Your task | Any picture must be dropped, but each line of the data should be duplicated exactly.

───── Data segment

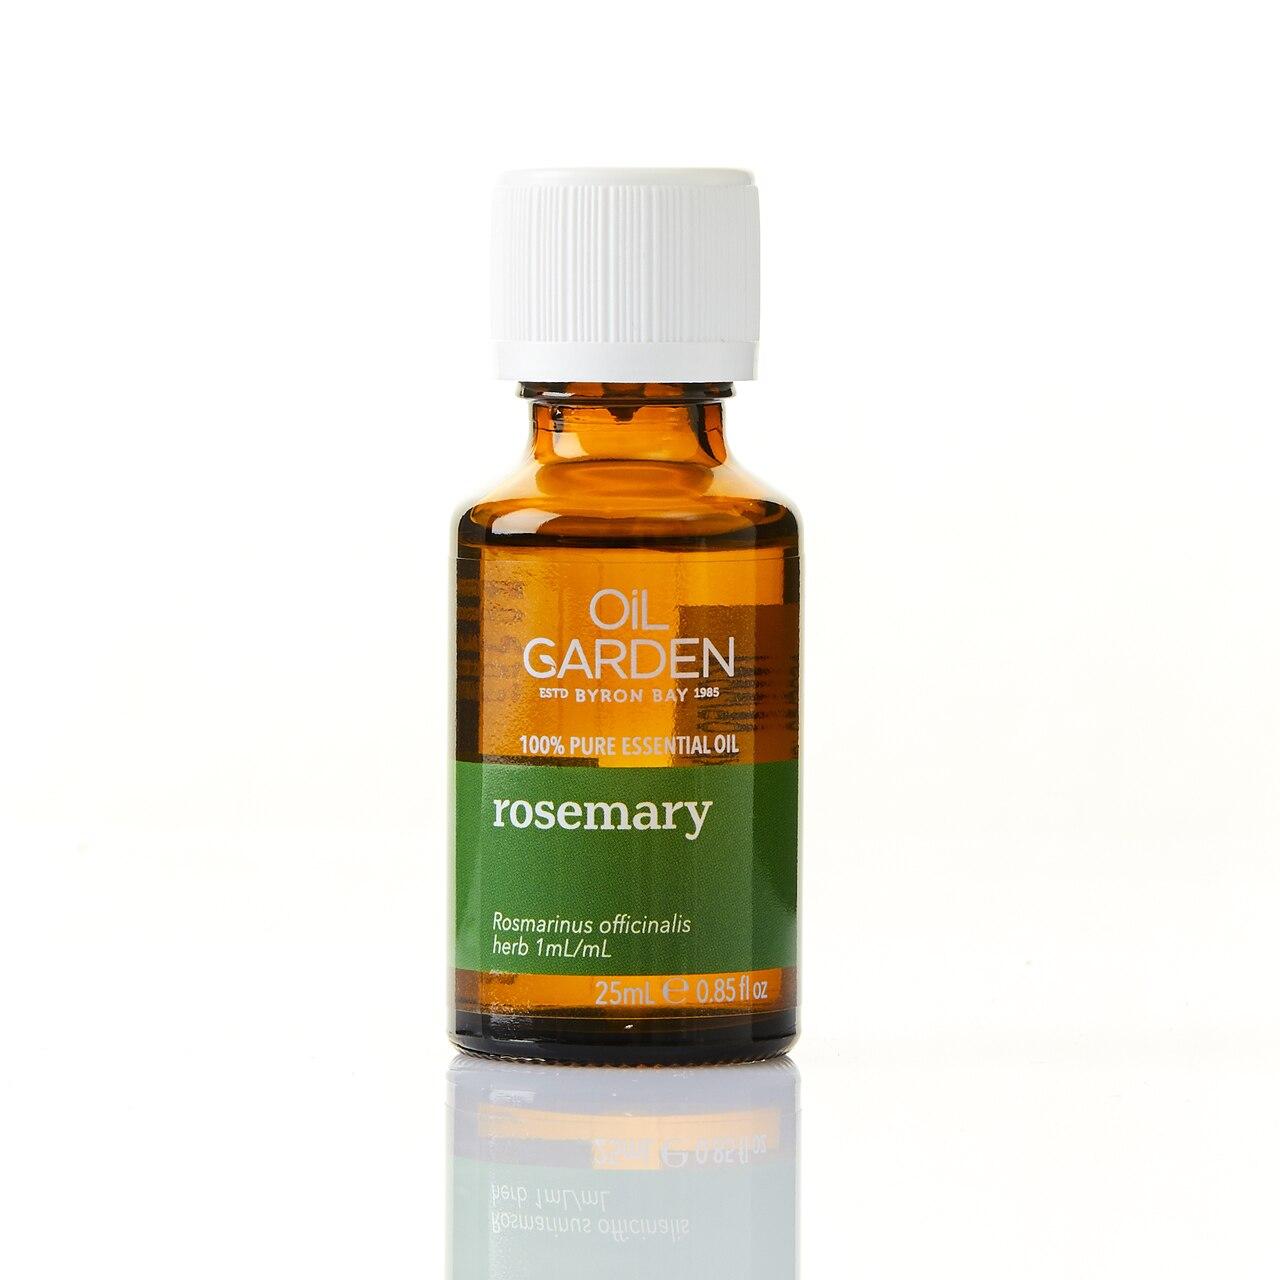 Oil Garden Rosemary Pure Essential Oil 25mL 6620080
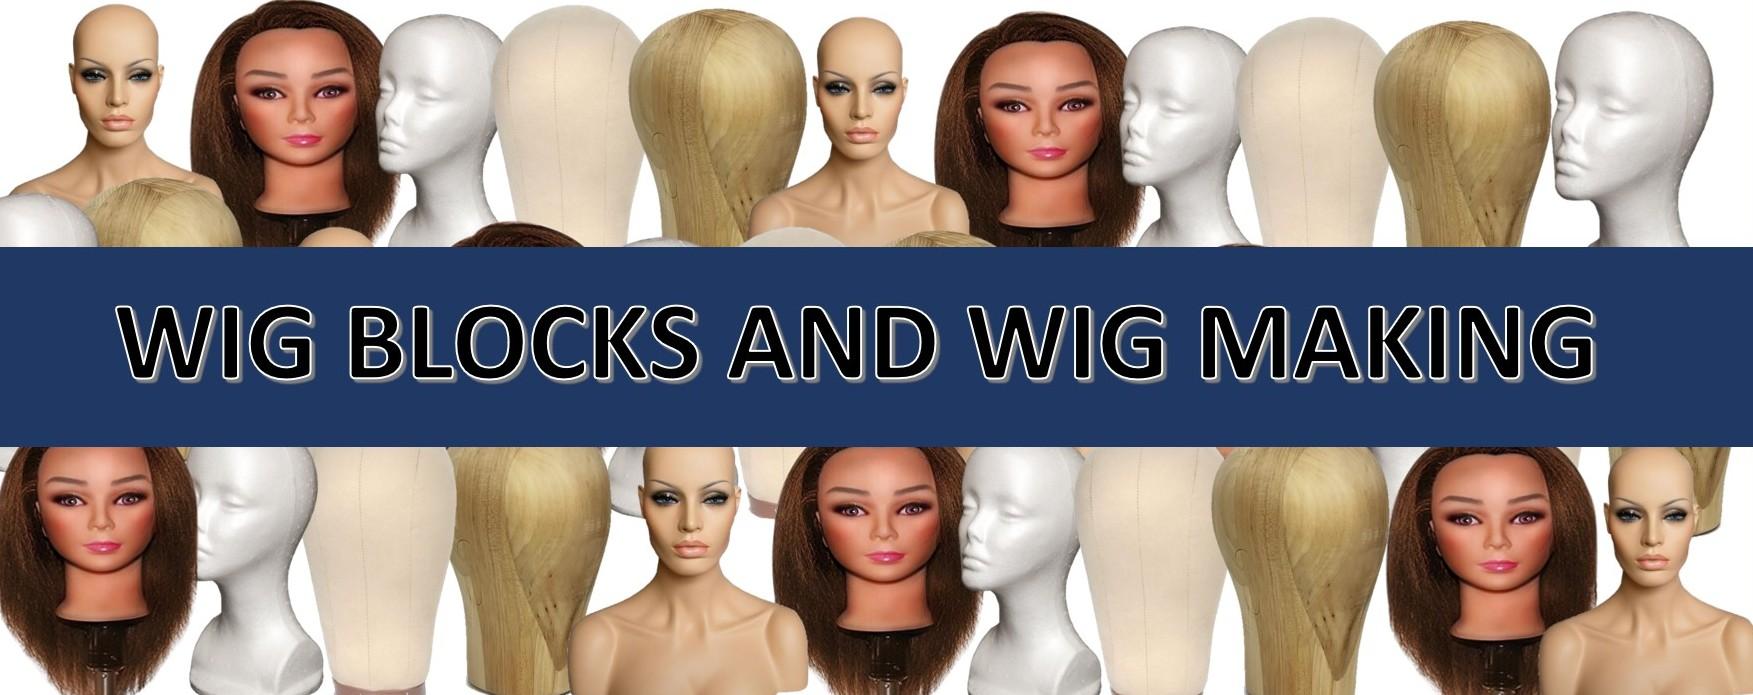 Wig Blocks and Wig Making
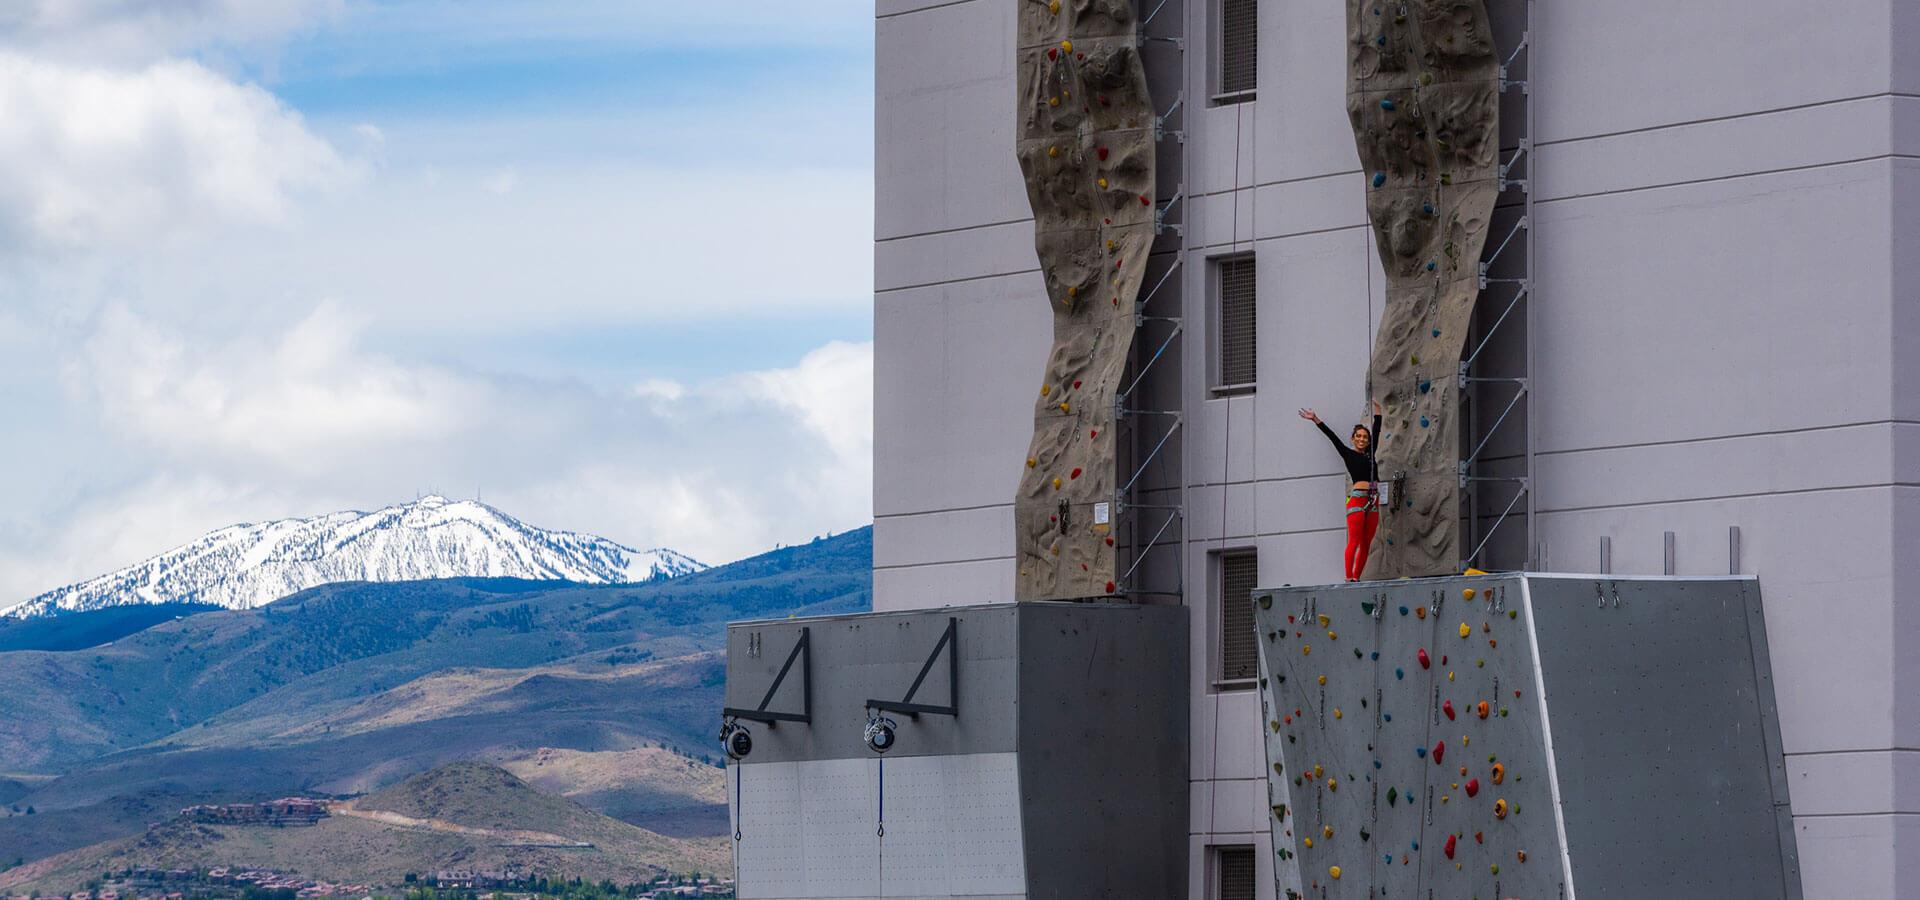 Whitney Peak Climbing Wall Downtown Reno
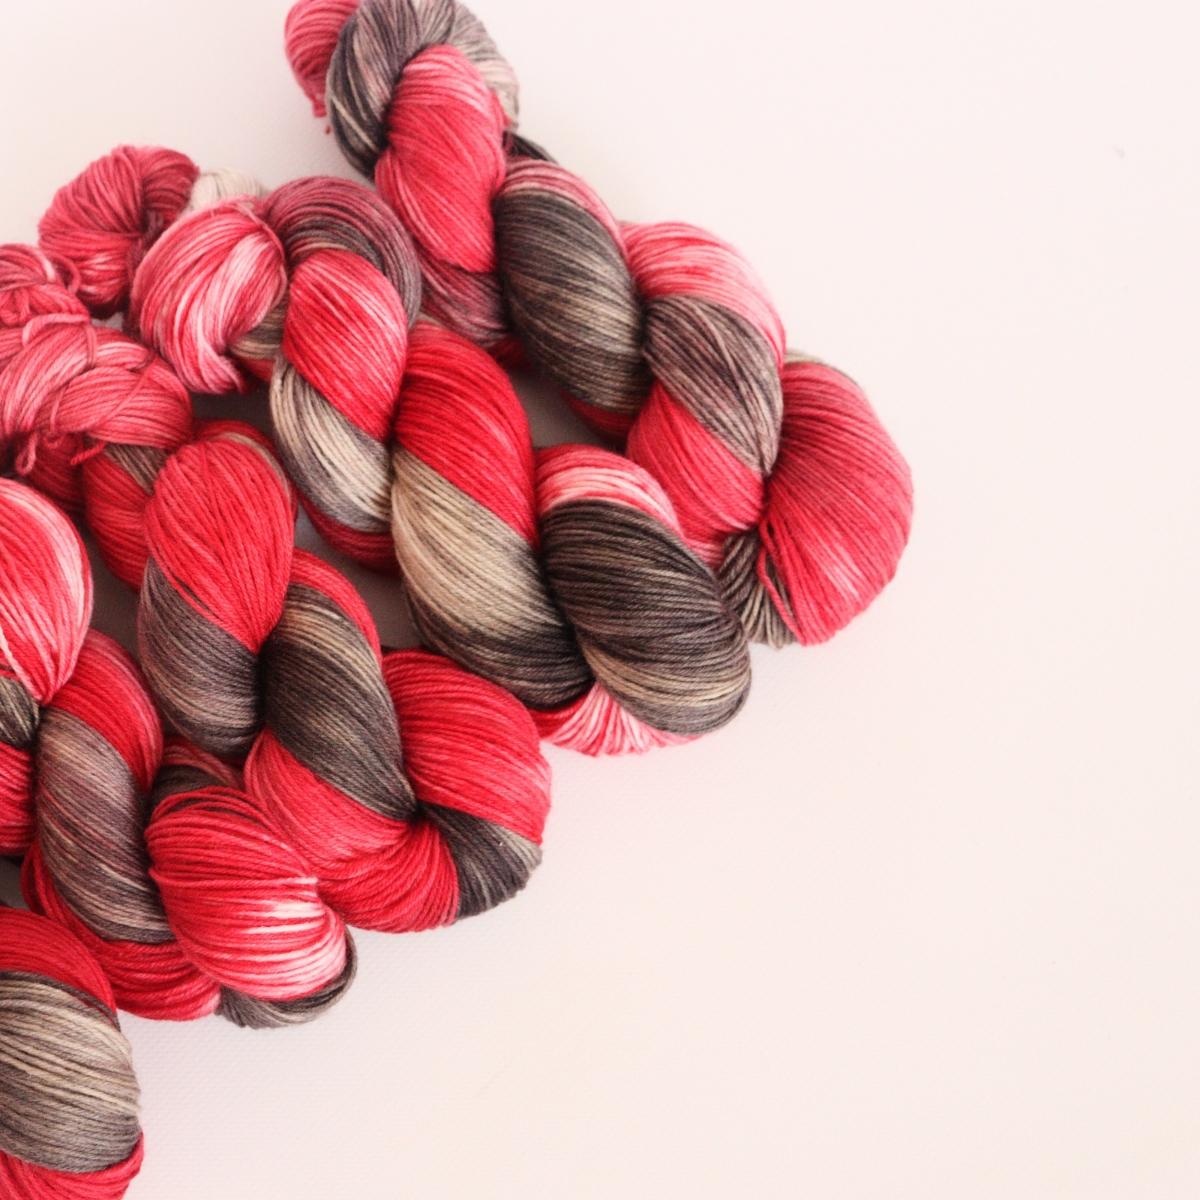 woodico.pro hand dyed yarn 056 4 1200x1200 - Hand dyed yarn / 056

──────────

Your response |
 Oil Garden Rosemary Pure Essential Oil 25mL 6620080
 Wig Blocks and Wig Making
 Whitney Peak Climbing Wall Downtown Reno
 woodico.pro hand dyed yarn 056 4 1200x1200 - Hand dyed yarn / 056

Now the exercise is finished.